Google Groups no longer supports new Usenet posts or subscriptions. Historical content remains viewable.
Dismiss

multiprocessing module backport from 3 to 2.7 - spawn feature

228 views
Skip to first unread message

Andres Riancho

unread,
Jan 28, 2015, 12:53:03 PM1/28/15
to pytho...@python.org
List,

I've been searching around for a multiprocessing module backport from
3 to 2.7.x and the closest thing I've found was celery's billiard [0]
which seems to be a work in progress.

The feature I'm specially interested in is the ability to spawn
processes [1] instead of forking, which is not present in the 2.7
version of the module.

Anyone knows about a working backport of the multiprocessing 3k module?

[0] https://github.com/celery/billiard
[1] https://docs.python.org/3.4/library/multiprocessing.html#multiprocessing.set_start_method

Regards,
--
Andrés Riancho
Project Leader at w3af - http://w3af.org/
Web Application Attack and Audit Framework
Twitter: @w3af
GPG: 0x93C344F3

Skip Montanaro

unread,
Jan 28, 2015, 1:07:06 PM1/28/15
to Andres Riancho, Python

On Wed, Jan 28, 2015 at 7:07 AM, Andres Riancho <andres....@gmail.com> wrote:
The feature I'm specially interested in is the ability to spawn
processes [1] instead of forking, which is not present in the 2.7
version of the module.

Can you explain what you see as the difference between "spawn" and "fork" in this context? Are you using Windows perhaps? I don't know anything obviously different between the two terms on Unix systems.

Skip

Devin Jeanpierre

unread,
Jan 28, 2015, 3:51:48 PM1/28/15
to Skip Montanaro, Python
On Unix, if you fork without exec*, and had threads open, threads
abruptly terminate, resulting in completely broken mutex state etc.,
which leads to deadlocks or worse if you try to acquire resources in
the forked child process. So in such circumstances, multiprocessing
(in 2.7) is not a viable option. But 3.x adds a feature, "spawn", that
lets you fork+exec instead of just forking.
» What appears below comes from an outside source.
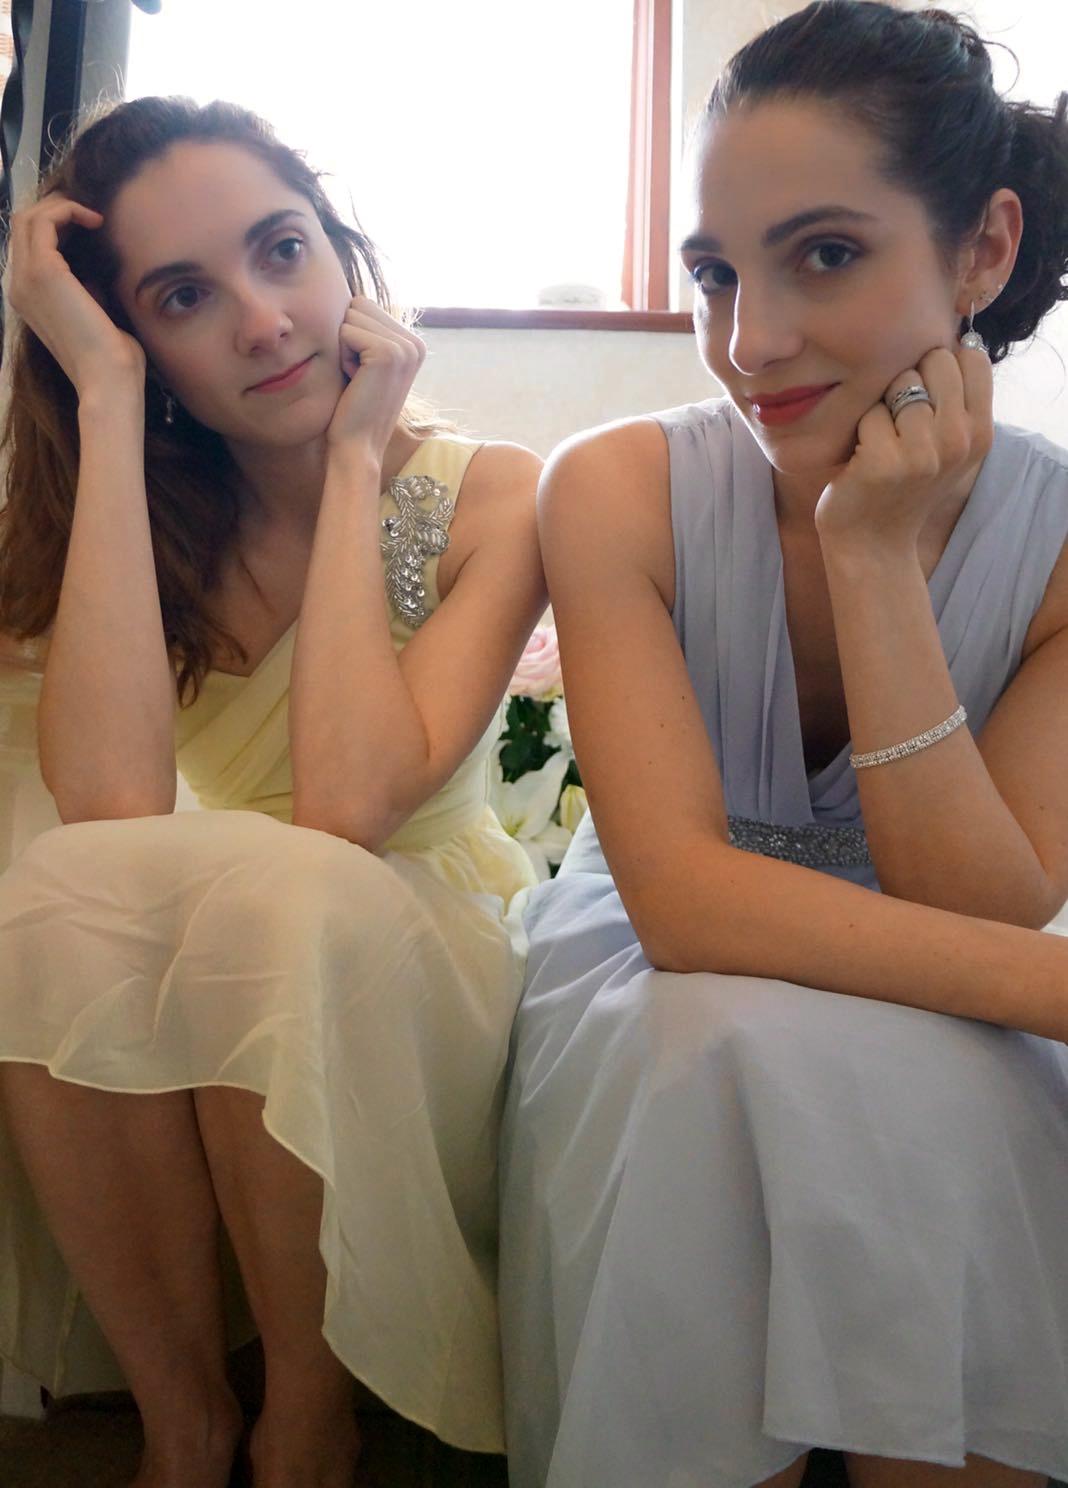 asos dresses sisters
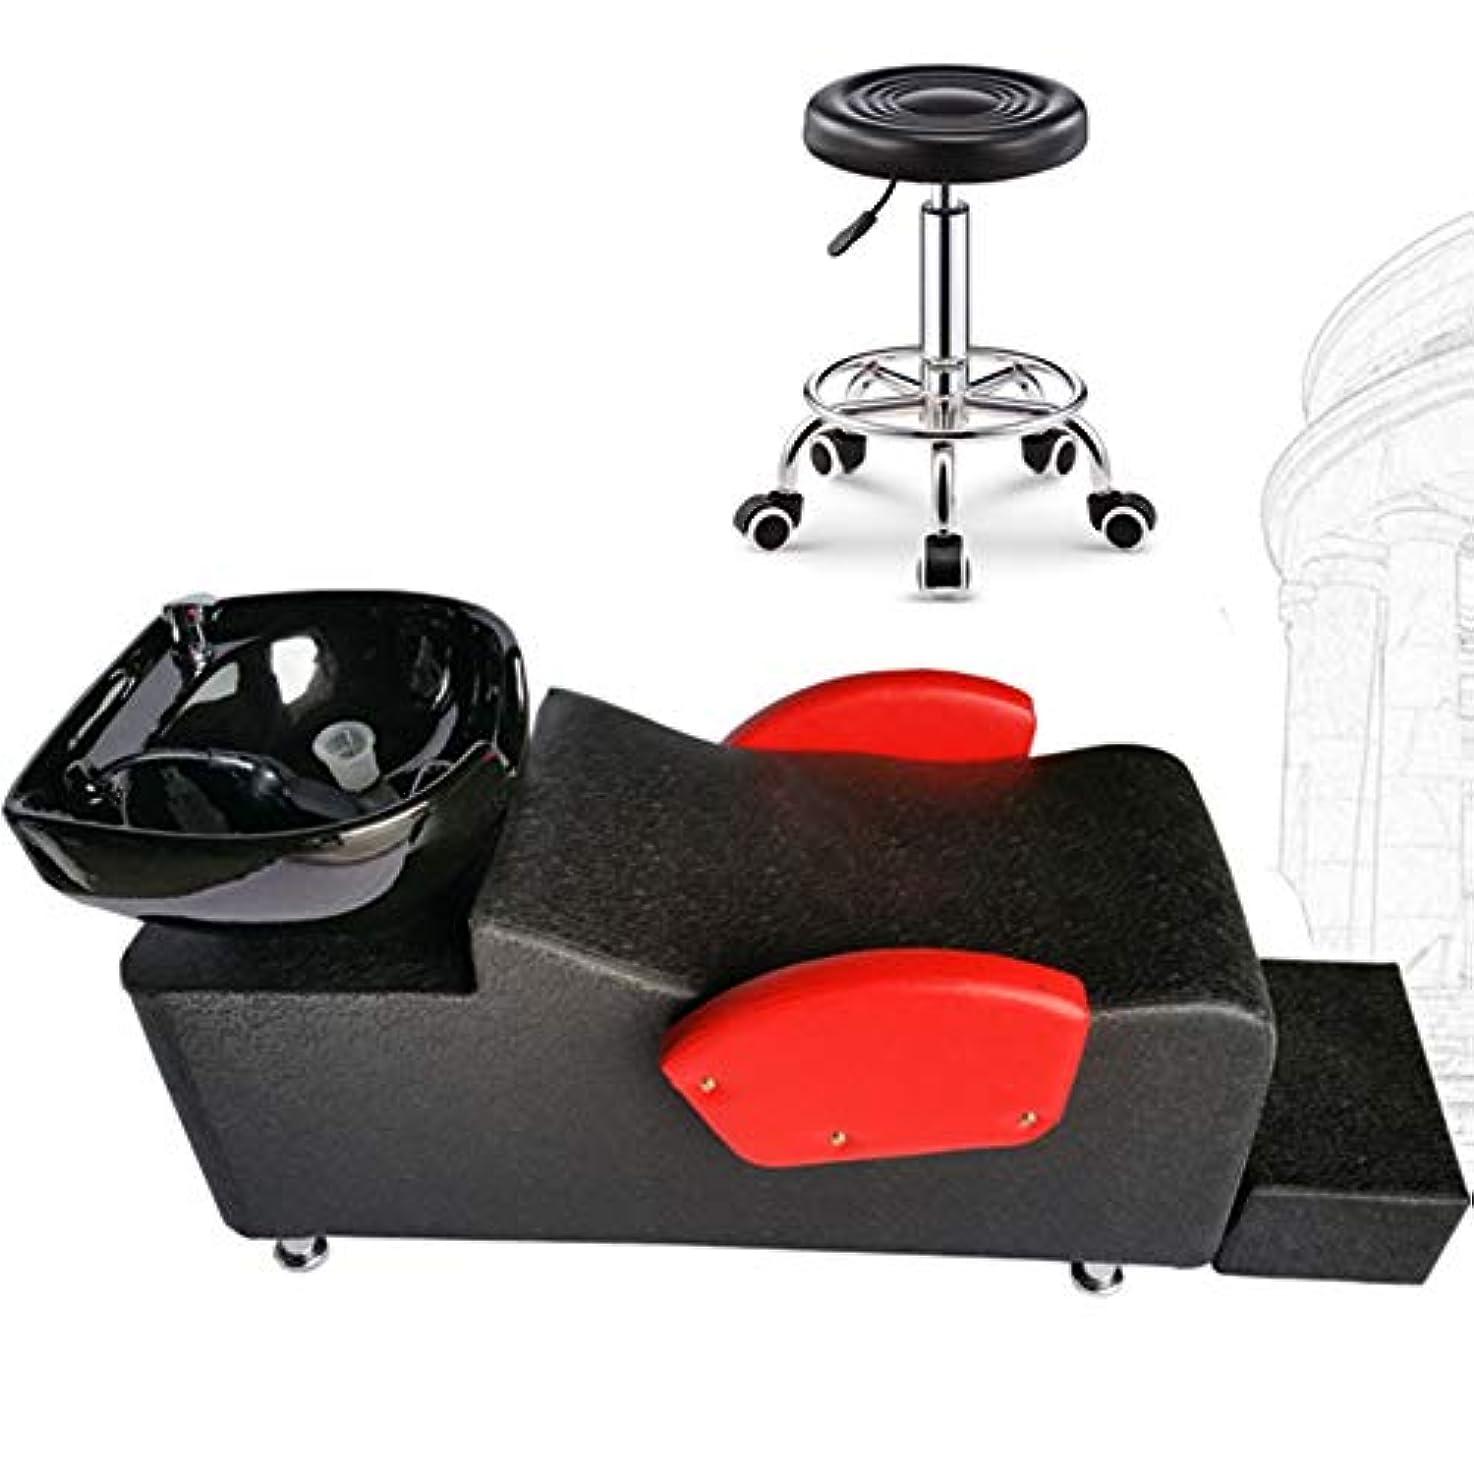 スロー包括的強化サロン用シャンプー椅子とボウル、スパ美容室機器パンチングウォーターベッドチェア用の逆洗ユニット理髪シンクチェア

I too would be interested in such a backport. I considered writing
one, but haven't had a strong enough need yet.

-- Devin

Andres Riancho

unread,
Jan 29, 2015, 3:12:32 AM1/29/15
to Skip Montanaro, Python
On Wed, Jan 28, 2015 at 3:06 PM, Skip Montanaro
<skip.mo...@gmail.com> wrote:
>
> On Wed, Jan 28, 2015 at 7:07 AM, Andres Riancho <andres....@gmail.com>
> wrote:
>>
>> The feature I'm specially interested in is the ability to spawn
>> processes [1] instead of forking, which is not present in the 2.7
>> version of the module.
>
>
> Can you explain what you see as the difference between "spawn" and "fork" in
> this context?

Well, fork is a system call [0] where a process creates a copy of
itself, usually using COW [1]. This copy receives a new process ID and
is slightly dependent on the parent: they share the same address
space.

Spawn, and I took that from the multiprocessing 3 documentation, will
create a new process without using fork(). This means that no memory
is shared between the MainProcess and the spawn'ed sub-process created
by multiprocessing.

My goal is to prevent dead-locks and other issues [2][3] which come
from forking a multithreaded program (situation I'm in right now).

[0] https://en.wikipedia.org/wiki/Fork_%28system_call%29
[1] https://en.wikipedia.org/wiki/Copy-on-write
[2] See "Note that safely forking a multithreaded process is
problematic." at
https://docs.python.org/3.4/library/multiprocessing.html#multiprocessing.set_start_method
[3] http://www.linuxprogrammingblog.com/threads-and-fork-think-twice-before-using-them

> Are you using Windows perhaps? I don't know anything obviously
> different between the two terms on Unix systems.

Nope, I'm on linux

> Skip

Sturla Molden

unread,
Jan 30, 2015, 4:11:58 PM1/30/15
to pytho...@python.org
Skip Montanaro <skip.mo...@gmail.com> wrote:

> Can you explain what you see as the difference between "spawn" and "fork"
> in this context? Are you using Windows perhaps? I don't know anything
> obviously different between the two terms on Unix systems.

spawn is fork + exec.

Only a handful of POSIX functions are required to be "fork safe", i.e.
callable on each side of a fork without an exec.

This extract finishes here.